**Assigned task**
Only the lines from the one containing "Entre el peritoneo" to the end of the data should be copied, exactly and without pictures.

**Supplied data**
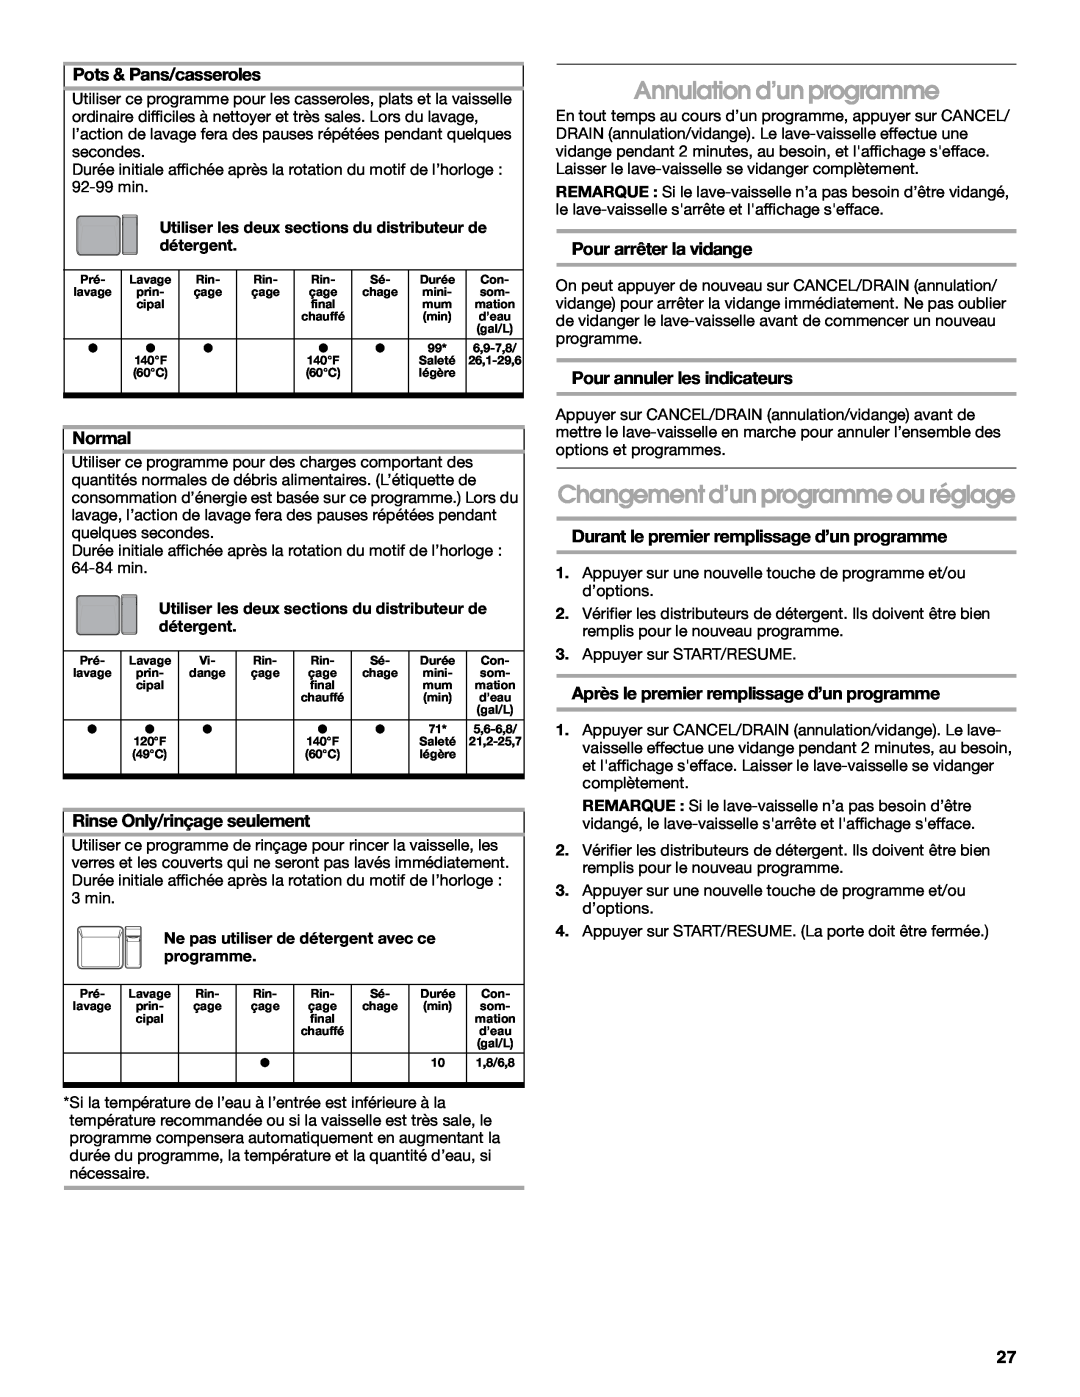 Roper RUD8050S manual Annulation d’un programme, Changement d’un programme ou réglage, Pots & Pans/casseroles, Normal 
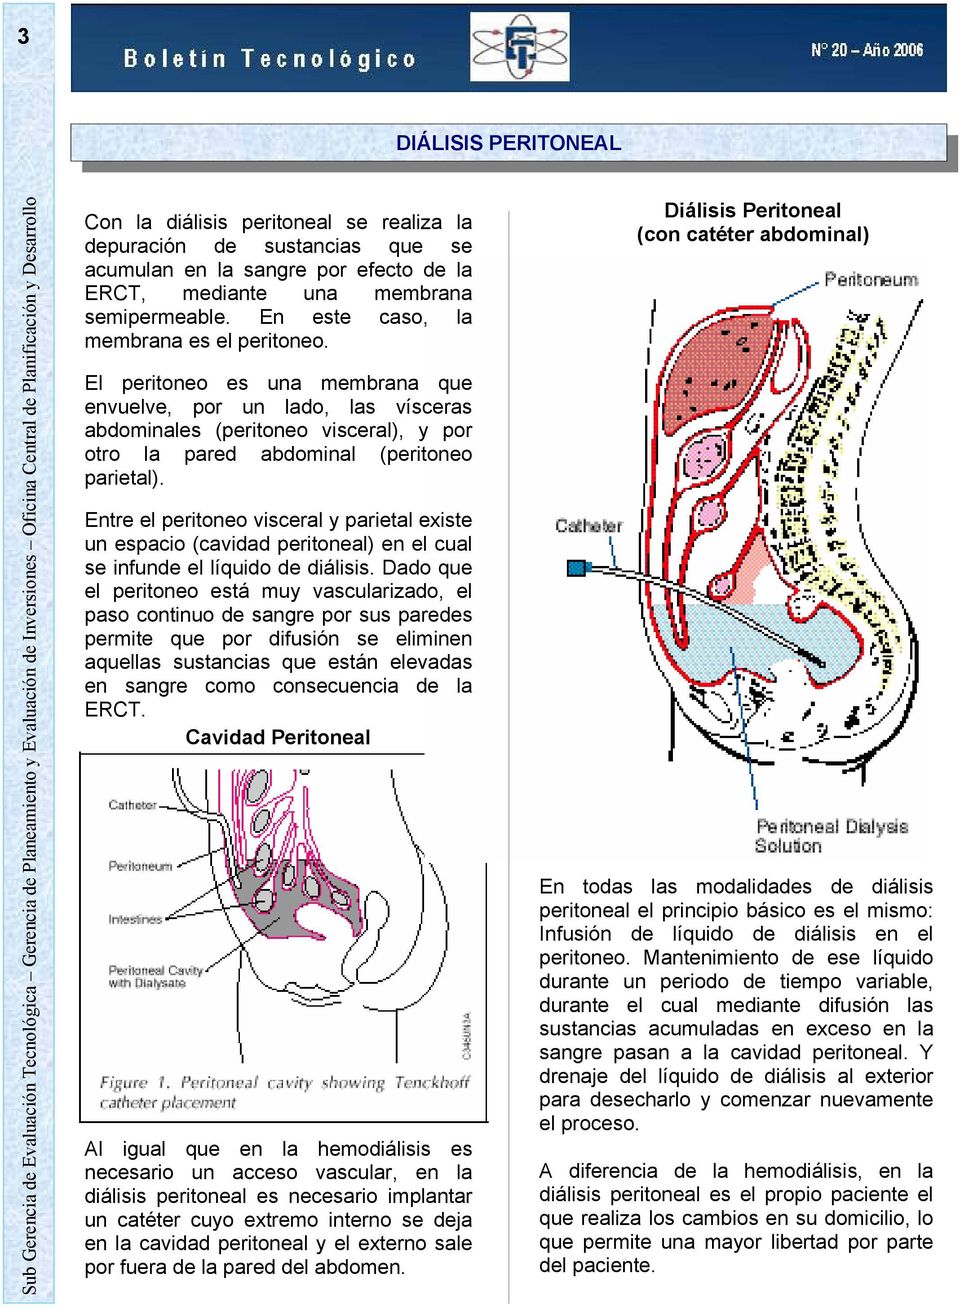 Entre el peritoneo visceral y parietal existe un espacio (cavidad peritoneal) en el cual se infunde el líquido de diálisis.
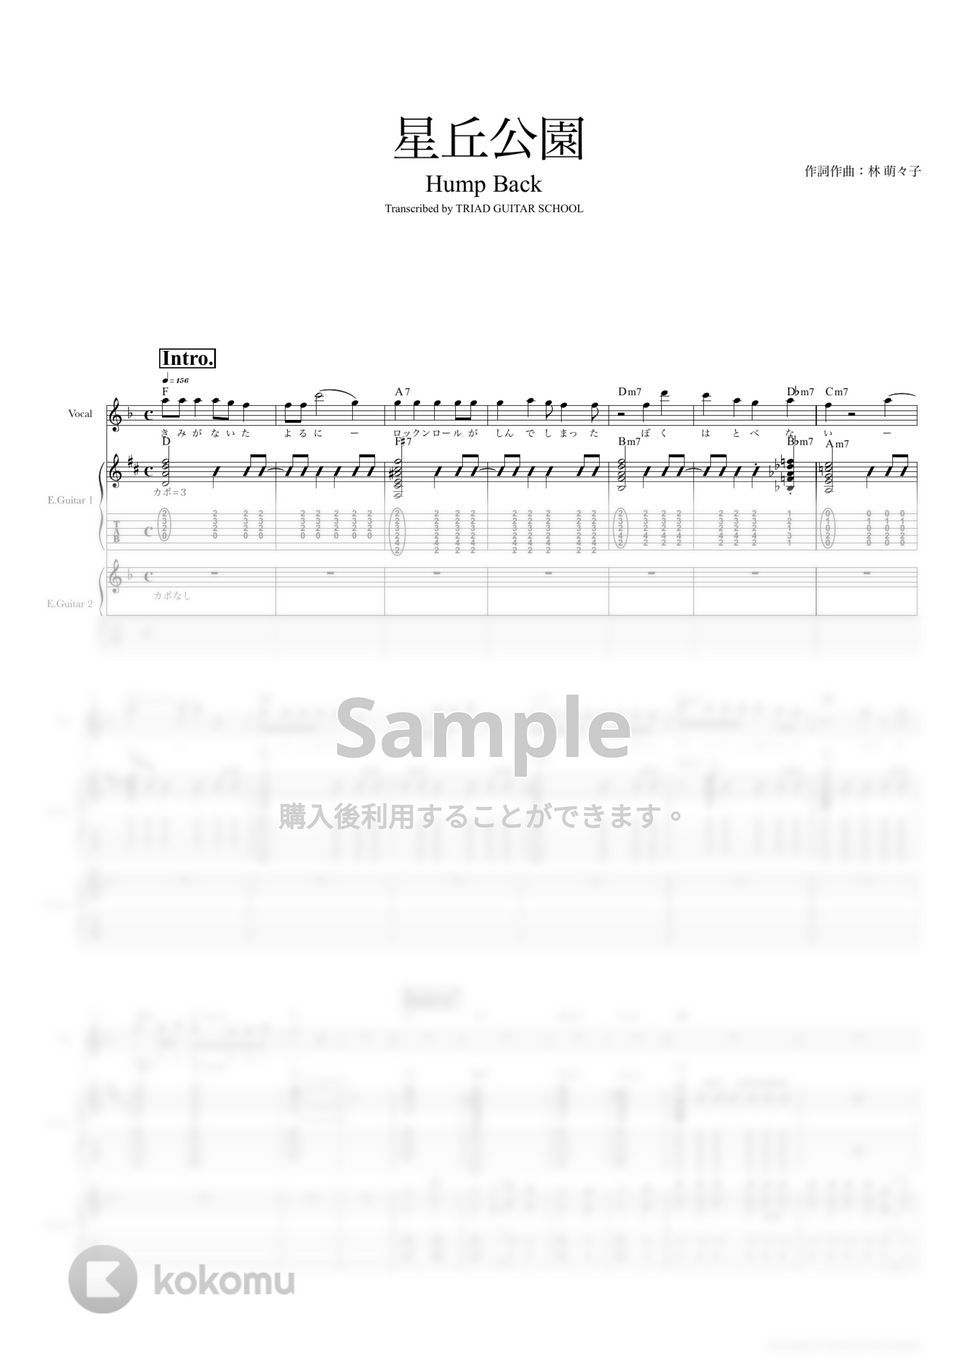 Hump Back - 星丘公園 (ギタースコア・歌詞・コード付き) by TRIAD GUITAR SCHOOL

**Task result**
 Entre el peritoneo visceral y parietal existe un espacio (cavidad peritoneal) en el cual se infunde el líquido de diálisis.
 Hump Back - 星丘公園 (ギタースコア・歌詞・コード付き) by TRIAD GUITAR SCHOOL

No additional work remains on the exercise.